Abstract:
Background Protein phosphatase 4 (PP4), a member of the PP2A family, is an evolutionarily highly conserved serine/threonine phosphatase. Its dephosphorylation is one of the mechanisms regulating cell proliferation, apoptosis, differentiation and other important functions. The regulatory role of PP4 in nonalcoholic fatty liver disease is unclear.
Objective To study the effects of PP4 on lipid metabolism, injury and apoptosis of lipid deposited hepatocytes.
Methods Mouse liver cells AML12 were divided into control group, PP4 inhibitor treatment group, oleic acid treatment group and oleic acid + PP4 inhibitor group. Triglyceride (TG) and aminotransferase (ALT, AST) contents were detected by spectrophotometry, and reactive oxygen species (ROS), cell cycle and apoptosis were detected by flow cytometry. Lipid metabolism and apoptotic gene expression were detected by qPCR. AML12 mouse liver cells with PP4 overexpression were divided into control group, PP4 overexpression group, PP4 interference group, oleic acid treatment group and PP4 overexpression + oleic acid treatment group. qPCR was used to detect the expression of key enzyme genes of lipid metabolism, and oil red O staining was used to detect lipid accumulation. Western blot assay was used to detect the expression of key enzyme protein of lipid metabolism, and to explore the effects of PP4 on lipid metabolism, injury and apoptosis of lipid-accumulating hepatocytes.

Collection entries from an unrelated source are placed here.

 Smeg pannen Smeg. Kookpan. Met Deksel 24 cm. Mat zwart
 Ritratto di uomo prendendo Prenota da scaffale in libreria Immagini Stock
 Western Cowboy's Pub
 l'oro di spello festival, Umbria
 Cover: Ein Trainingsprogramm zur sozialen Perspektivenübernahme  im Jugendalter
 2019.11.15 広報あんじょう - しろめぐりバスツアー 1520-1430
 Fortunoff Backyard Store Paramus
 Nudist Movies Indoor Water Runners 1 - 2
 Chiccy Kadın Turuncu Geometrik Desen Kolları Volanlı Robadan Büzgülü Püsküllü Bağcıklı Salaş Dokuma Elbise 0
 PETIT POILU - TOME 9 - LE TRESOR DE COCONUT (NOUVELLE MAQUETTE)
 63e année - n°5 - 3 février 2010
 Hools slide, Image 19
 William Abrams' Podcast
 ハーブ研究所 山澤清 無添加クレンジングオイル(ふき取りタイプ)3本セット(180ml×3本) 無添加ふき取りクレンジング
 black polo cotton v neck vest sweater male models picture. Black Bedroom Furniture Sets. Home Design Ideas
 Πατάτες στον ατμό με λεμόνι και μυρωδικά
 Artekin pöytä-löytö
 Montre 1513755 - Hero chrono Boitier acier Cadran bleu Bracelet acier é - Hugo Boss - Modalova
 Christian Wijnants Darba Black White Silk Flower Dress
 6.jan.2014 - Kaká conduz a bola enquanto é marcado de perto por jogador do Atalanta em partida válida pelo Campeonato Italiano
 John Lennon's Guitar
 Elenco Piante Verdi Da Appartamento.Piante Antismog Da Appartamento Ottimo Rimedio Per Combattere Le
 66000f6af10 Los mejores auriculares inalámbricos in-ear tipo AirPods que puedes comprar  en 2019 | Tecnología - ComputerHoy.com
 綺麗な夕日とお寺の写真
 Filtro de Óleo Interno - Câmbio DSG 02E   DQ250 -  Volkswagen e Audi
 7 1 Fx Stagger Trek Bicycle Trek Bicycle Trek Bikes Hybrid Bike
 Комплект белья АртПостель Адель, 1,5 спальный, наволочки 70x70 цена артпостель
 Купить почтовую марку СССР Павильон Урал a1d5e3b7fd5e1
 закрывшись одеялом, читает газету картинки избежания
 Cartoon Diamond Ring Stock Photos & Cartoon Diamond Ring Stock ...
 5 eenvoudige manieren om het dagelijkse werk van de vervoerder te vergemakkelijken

Results Compared with the control group, the expression levels of PP4, liver fibrosis gene Timp1, anti-apoptotic gene Bcl-2, apoptotic gene Bax and apoptotic gene Caspase 3 increased in hepatocytes of oleic acid treatment group (P<0.05), and the expression levels of key lipid metabolism enzyme genes CPT1, ACC1 and FAS also increased (P<0.05), so did the supernatant TG, transaminase ALT and AST (P<0.05); The percentage of ROS positive cells increased (P<0.001), while the proportion of G0/G1 phase cells decreased (P<0.01), the proportion of S phase cells increased (P<0.05), and the apoptosis of cells increased (P<0.001). Compared with oleic acid treatment group, the expression levels of liver fibrosis gene Cola1, apoptotic gene Bax and apoptotic gene Caspase 3 decreased in oleic acid + PP4 inhibitor treatment group (P<0.05); The expression levels of ACC1 and FAS, the key enzymes of lipid metabolism, and aminotransferase ALT and AST were also decreased (P<0.05); The percentage of ROS positive cells decreased (P<0.05), the proportion of G0/G1 phase increased (P<0.01), while the proportion of S phase decreased (P<0.05), and the apoptosis decreased (P<0.001). CPT1 and FAS expression levels were decreased after PP4 interference (P<0.05), while CPT1 and FAS expression levels were increased after PP4 overexpression (P<0.05); After PP4 overexpression and oleic acid treatment, oil red O staining showed increased lipid deposition. After oleic acid treatment, the expressions of key enzyme proteins PP4, ACC1 and CPT1 were increased, while the expressions of CPT1 were decreased.
Conclusion PP4 is involved in lipid metabolism, injury and apoptosis of hepatocytes treated with oleic acid. Inhibition of PP4 activity can reduce lipid accumulation in hepatocytes, and increase the accumulation of PP4 overexpressed lipids.